All gathered to witness, as Zeus asked if Persephone had eaten anything while in the Underworld. She replied yes. Six pomegranate seeds. Angered, Demeter threatened that she would never again make the soil fertile and everyone on Earth would die. To put an end on this quarrel, Zeus suggested a compromise. Because she had eaten six pomegranate seeds, Persephone would spend six months with her husband in Hades and six months with her mother on Mt. Olympus. This alternative pleased none of the two opponents, nevertheless that had no other option but accept it.

Thus the lovely maiden Persephone became the rightful wife of Hades and Queen of the Underworld. During the six months that Persephone spent in the Underworld, her mother would mourn and would not see to her duties, leaving the Earth to decline.
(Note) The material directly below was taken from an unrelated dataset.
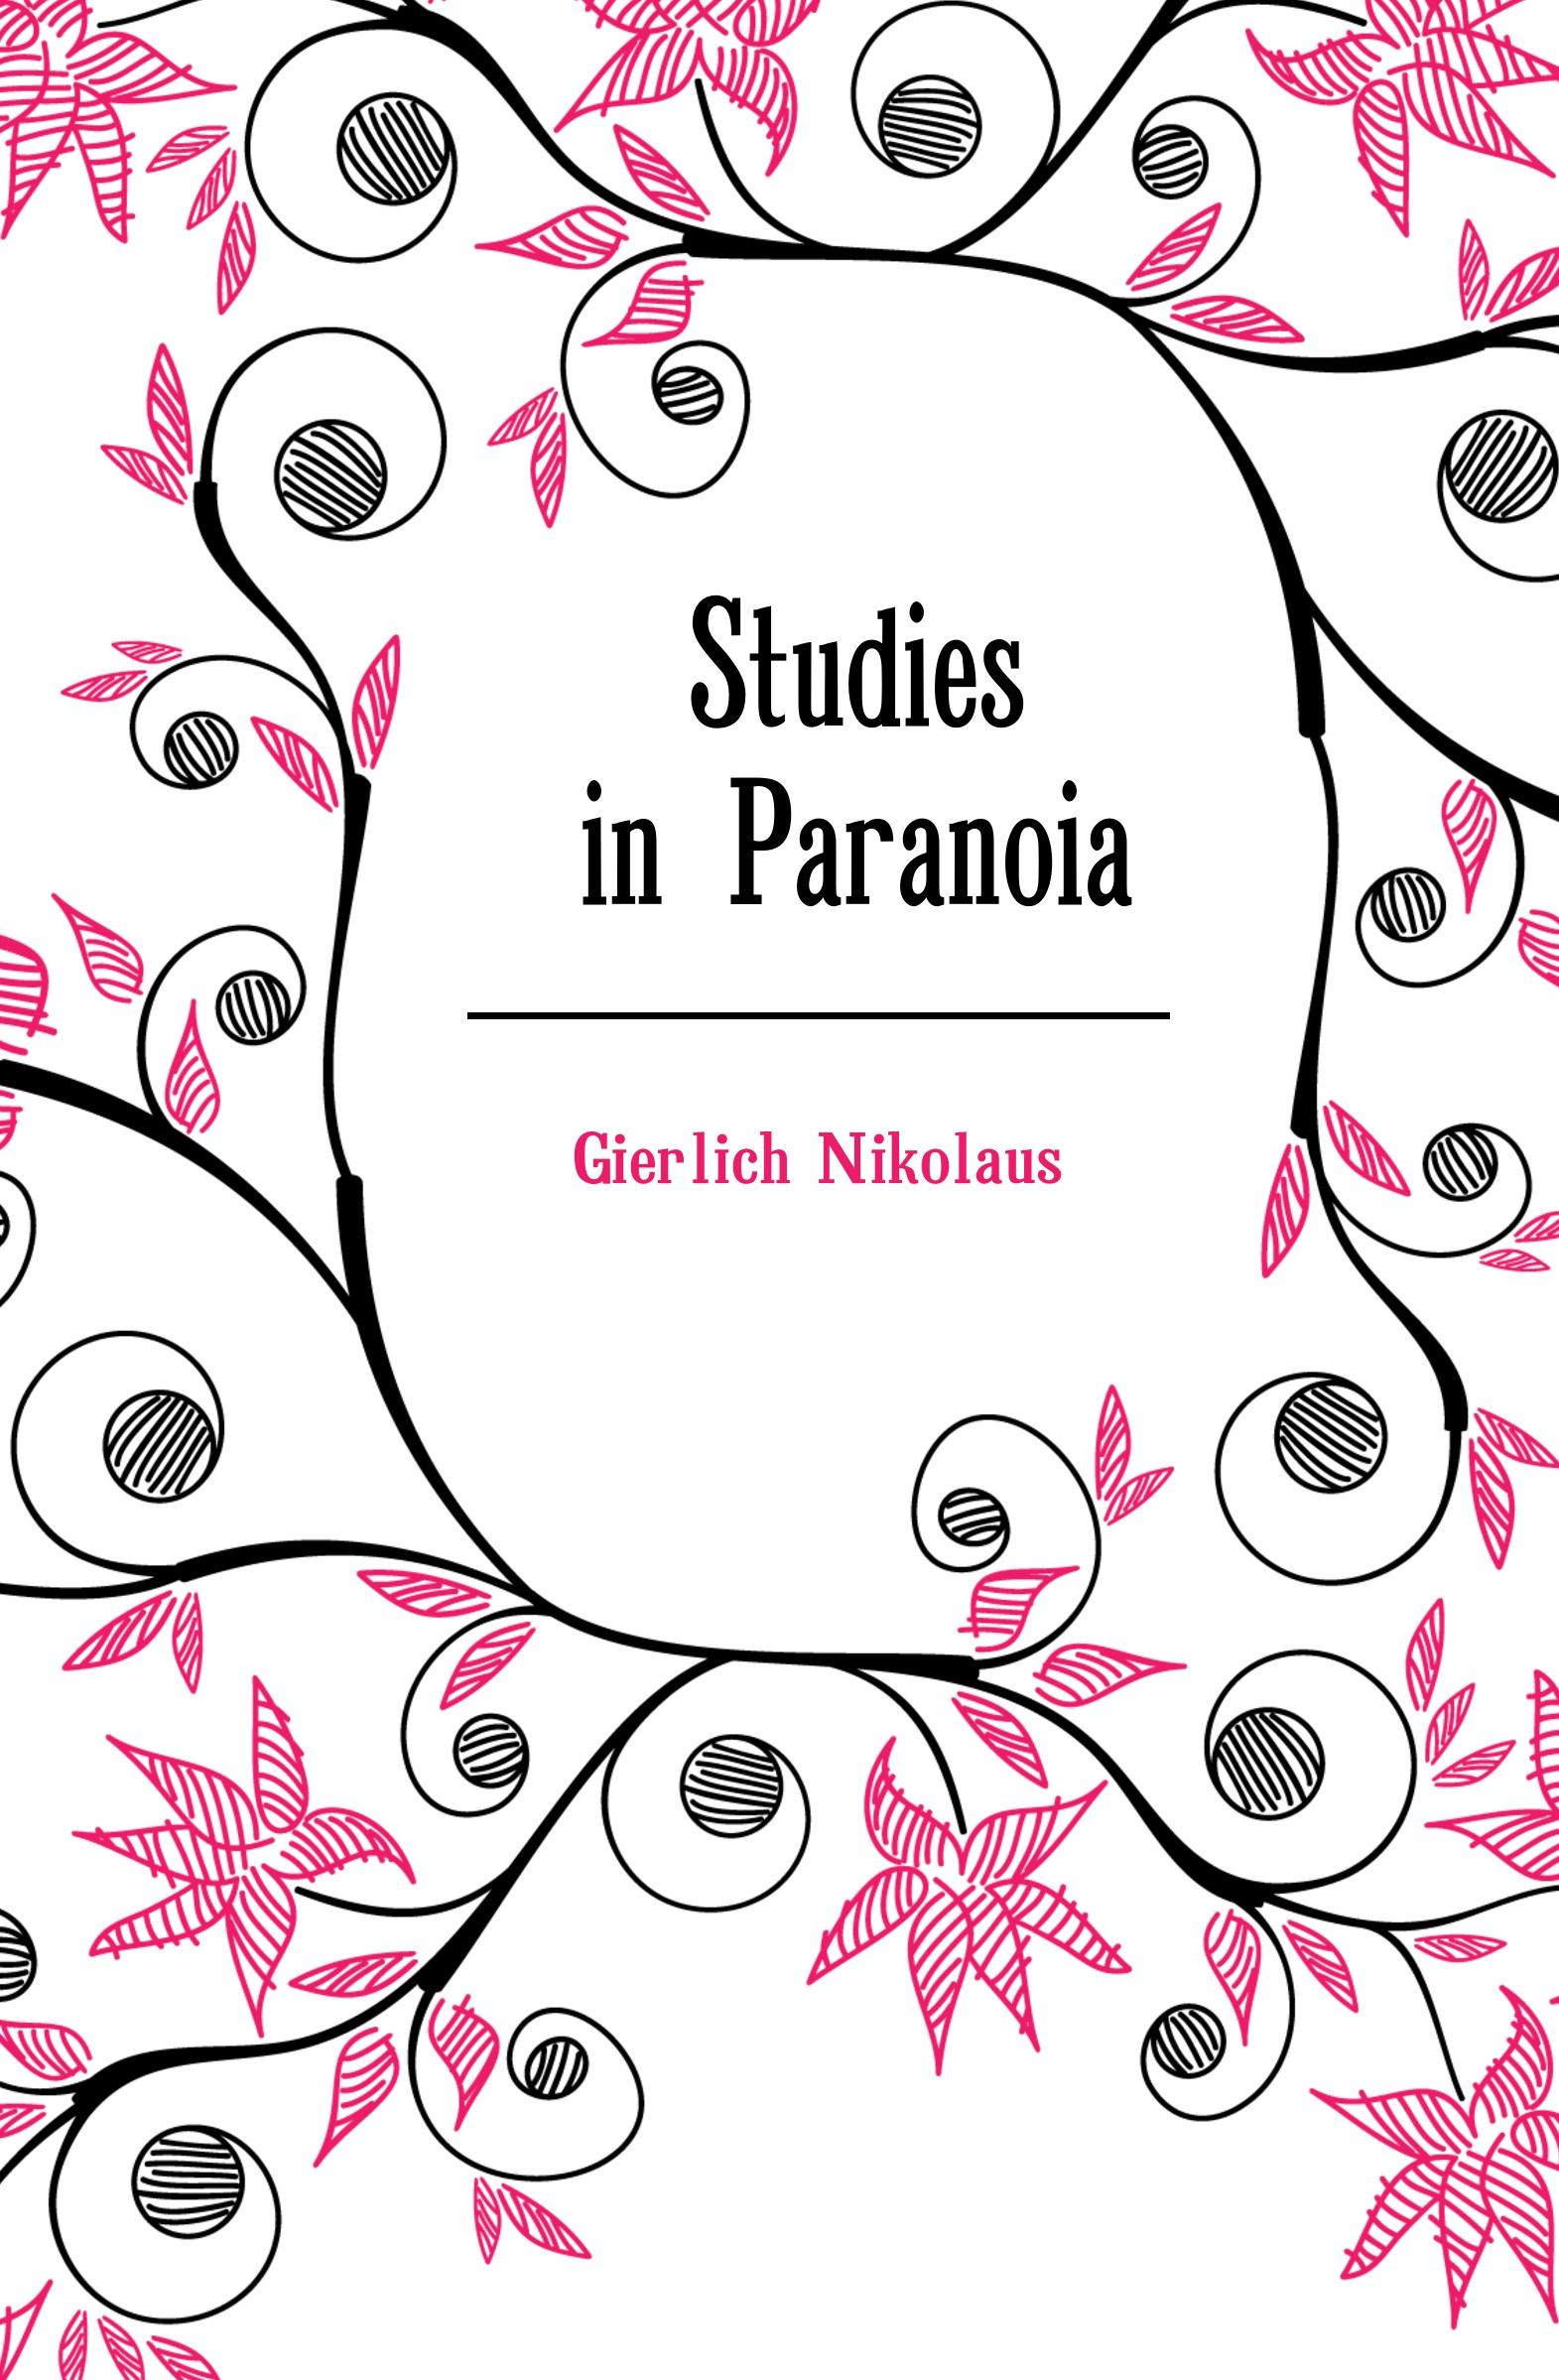 цена Gierlich Nikolaus Studies in Paranoia онлайн в 2017 году

According to the ancient Greeks, these were the months of autumn and winter, when agriculture wanes and nothing grows. Whenever Persephone went to Olympus to live with her mother, Demeter would shine from happiness and the land would become fertile and fruitful again. These were the months of spring and summer. This story is the Greek’s way to explain the change of the seasons, the eternal cycle of the Nature’s death and rebirth.

Why Six Seeds Coaching…

I resonate with the story of Persephone’s journey in context to my coaching style. I see so many new age teachings and spiritual movements these days, saying all you have to do is be positive, use daily affirmations, and only speak loving words and you’ll be successful in life. That there is nothing to do but to be. And yes, where these teachings are highly important to direct us towards a life that is inspiring and beautiful, it is only half of the story.

The true healing resides in the shadows, in the places we fear to go. We fear them not because it is dangerous, but because we are ill-equipped in navigating those areas. These are the places we have shoved down all our hurts, our pains, and our broken hearts. We think that by seeing these old wounds we will be re-inviting them into our lives. Some believe shadow work is dark and evil. That it is an unnecessary practice because it’s inviting bad things into our lives. And that just isn’t so.

Here’s how it works: To survive the trauma and abuse as children we learned to push down our pain, to keep it out of sight to ensure it stays out of mind. We thought that by hiding them in the dark we could press on and forget about them. And it may have worked in the beginning.

But these wounds never heal on their own. They sit there in the darkness and fester. Trying to get our attention by repeating familiar experiences. Not to punish us or so that we can “learn our lesson,” but to ask for the healing we weren’t capable of giving it when it originally happened. This is why we seem to date the same toxic personality, or get jobs with the same abusive boss. We are not making mistakes over and over again. We are manifesting situations to give us another opportunity to heal what is wounded. And we will keep repeating these patterns until they finally get get our attention and we give them the space to tell their story. It’s in the acknowledgment that they find peace and are finally released.

As humans, searching for wholeness, we must be willing to go into the deepest, darkest caverns within ourselves and discover what is unfinished. We must summon the courage to face what we have hidden from our whole lives. As we delve into the shadows and reveal what is wounded we are able to bring it to the surface, shine the light upon it, and heal what is undone. Once we understand the moment our wounds were formed, we are able to find peace and release them once and for all. The true nutrition resides in the depths of our subconscious, and in that there we find ourselves.

So for me, in the story of Persephone, it takes both, the light and the dark, to know self. We must reign in the shadows. And equally celebrate our triumphs in life. This is how we heal. This is where we remember wholeness.